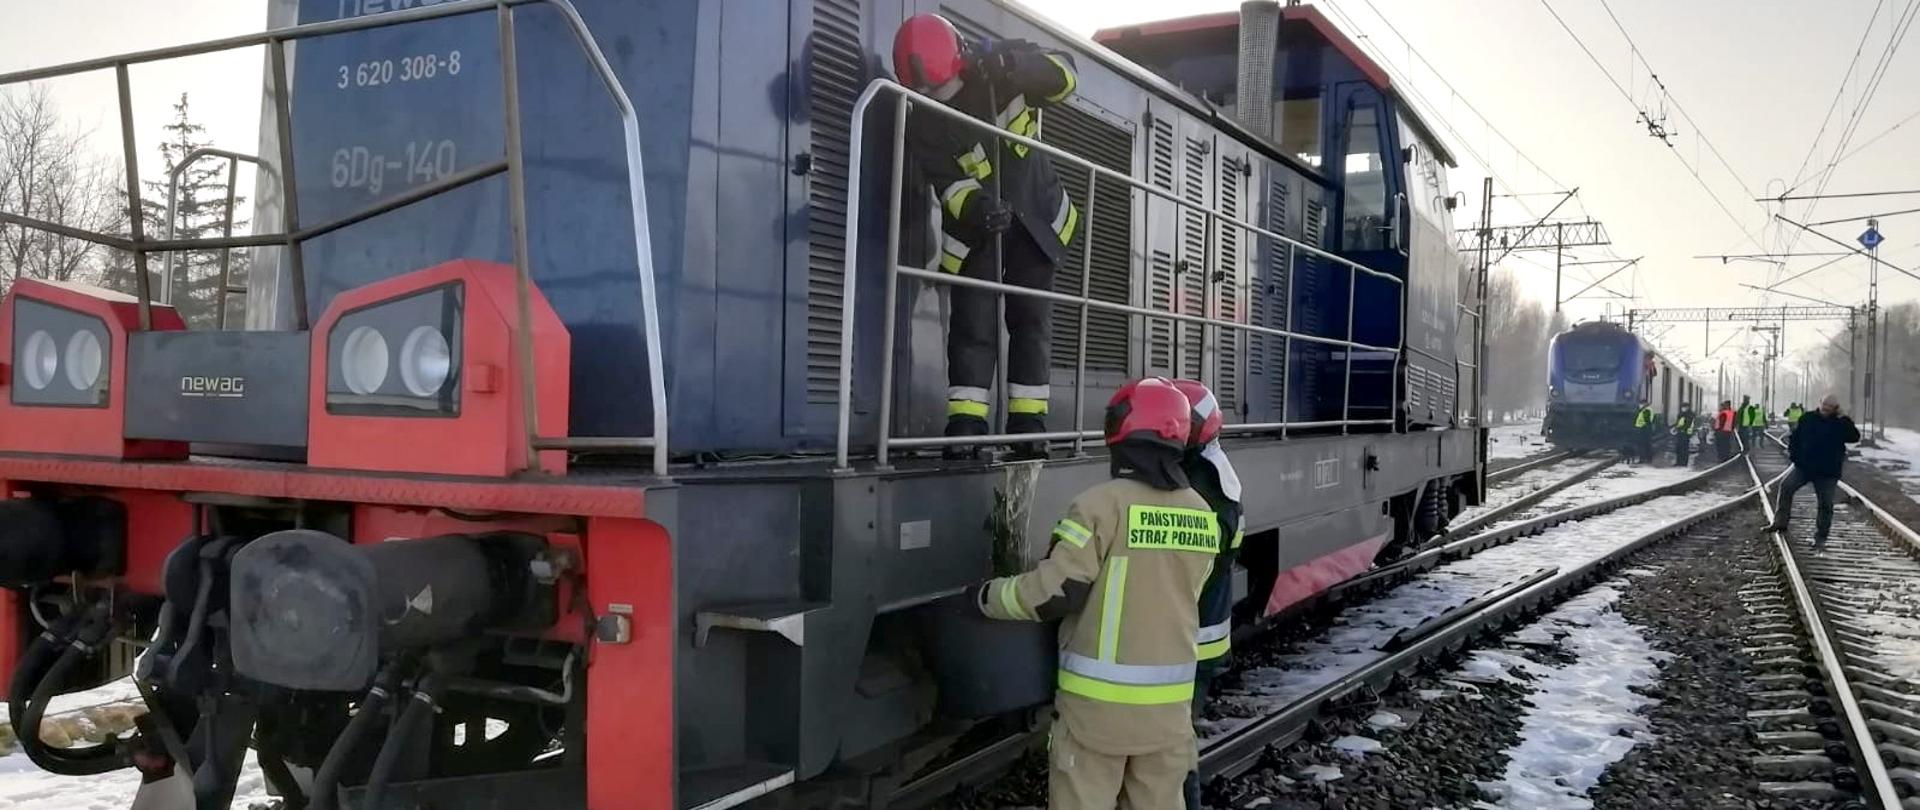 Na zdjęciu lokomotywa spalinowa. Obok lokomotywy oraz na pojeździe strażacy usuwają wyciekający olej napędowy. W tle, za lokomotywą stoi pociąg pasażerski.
——
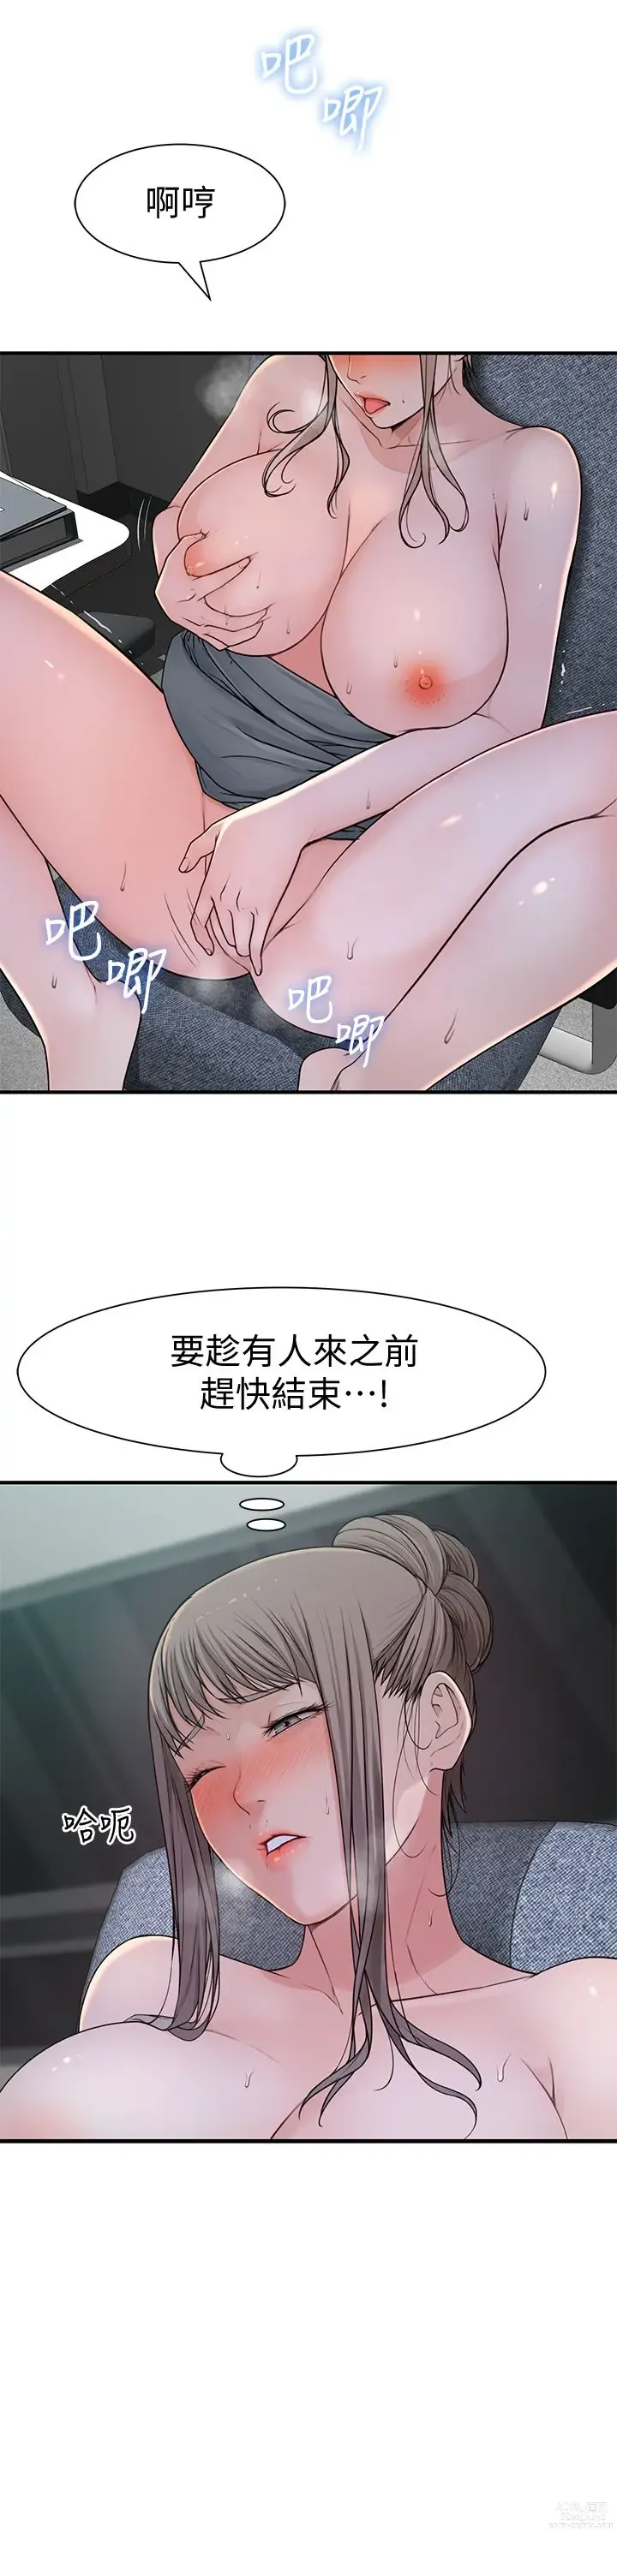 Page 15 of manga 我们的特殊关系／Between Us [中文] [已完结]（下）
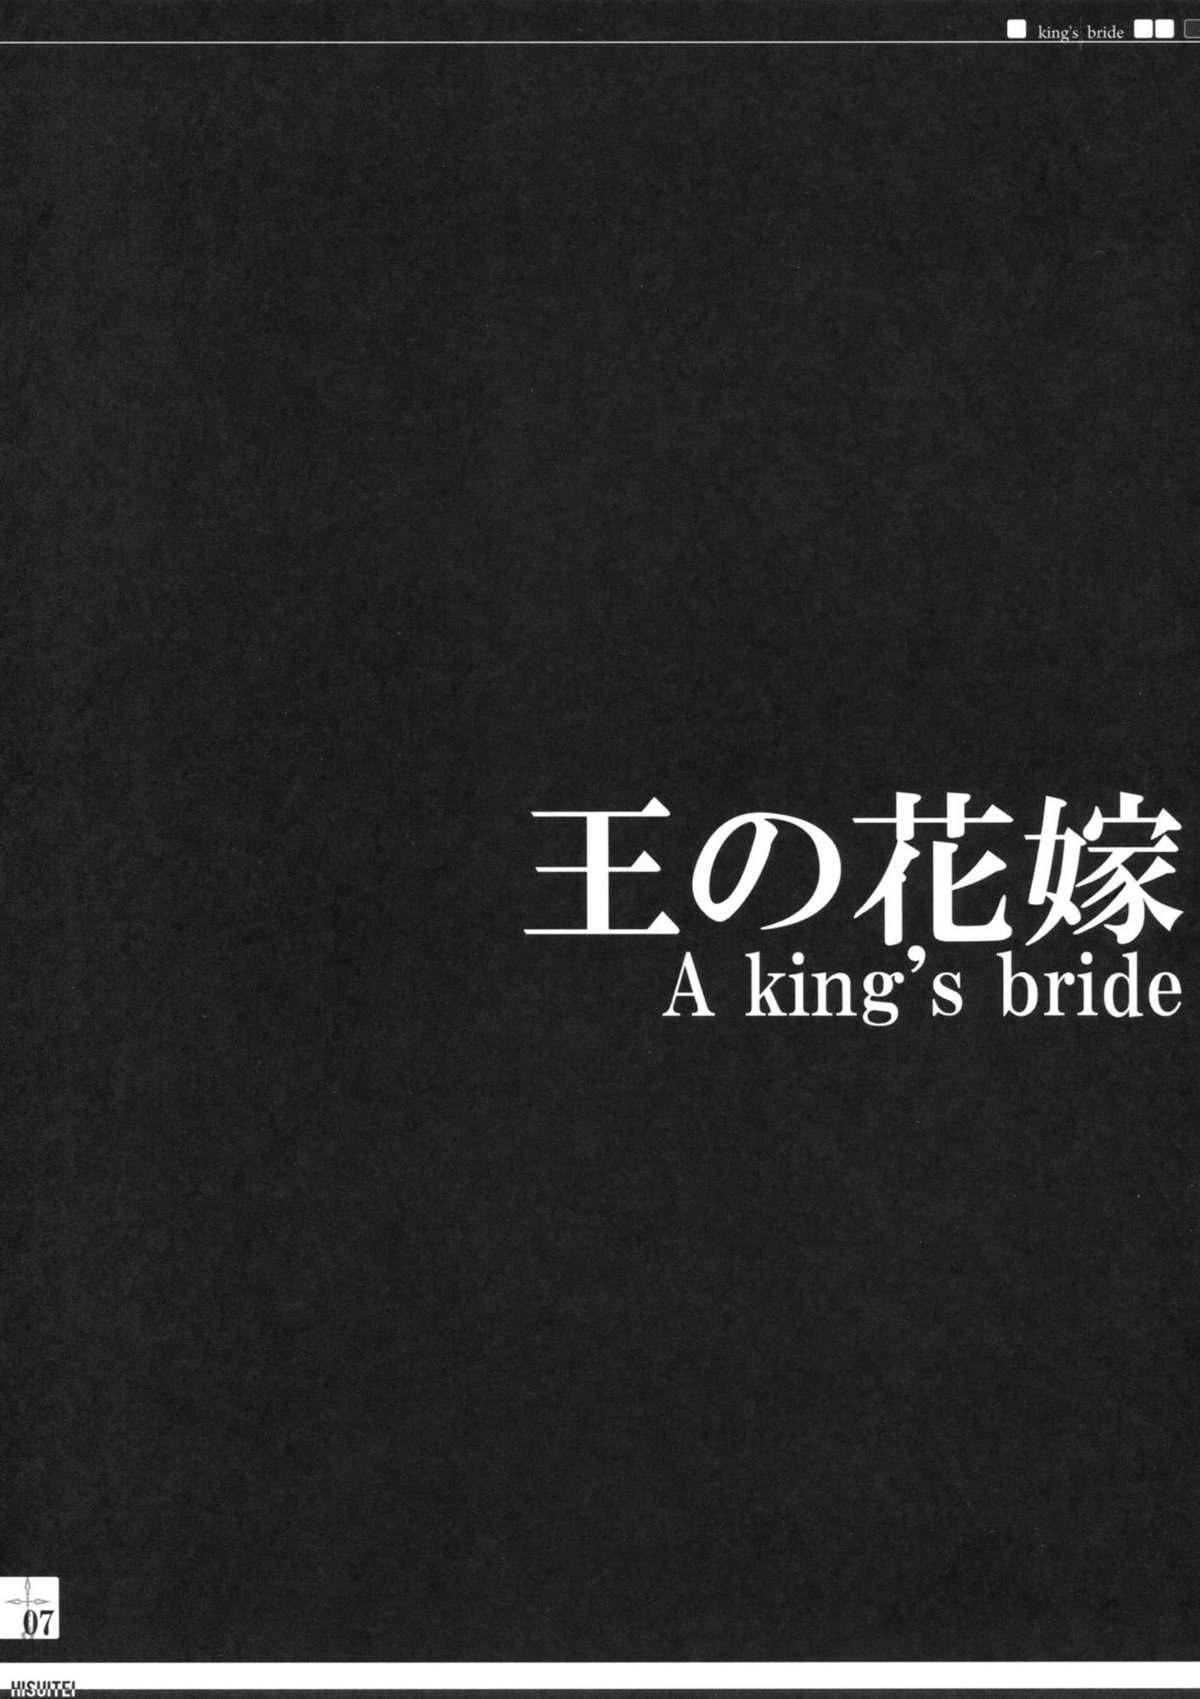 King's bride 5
——
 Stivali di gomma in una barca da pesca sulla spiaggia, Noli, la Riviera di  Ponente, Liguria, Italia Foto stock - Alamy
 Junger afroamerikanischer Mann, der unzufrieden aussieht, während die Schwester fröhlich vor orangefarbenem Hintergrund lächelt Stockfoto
——
> **Goal of the exercise**: Taking the line with "Stivali di gomma" as the first and the line with "Junger afroamerikanischer Mann, der" as the last, retype that stretch of the data above exactly, with no other lines.

> **Solution to this exercise**:
 Stivali di gomma in una barca da pesca sulla spiaggia, Noli, la Riviera di  Ponente, Liguria, Italia Foto stock - Alamy
 Junger afroamerikanischer Mann, der unzufrieden aussieht, während die Schwester fröhlich vor orangefarbenem Hintergrund lächelt Stockfoto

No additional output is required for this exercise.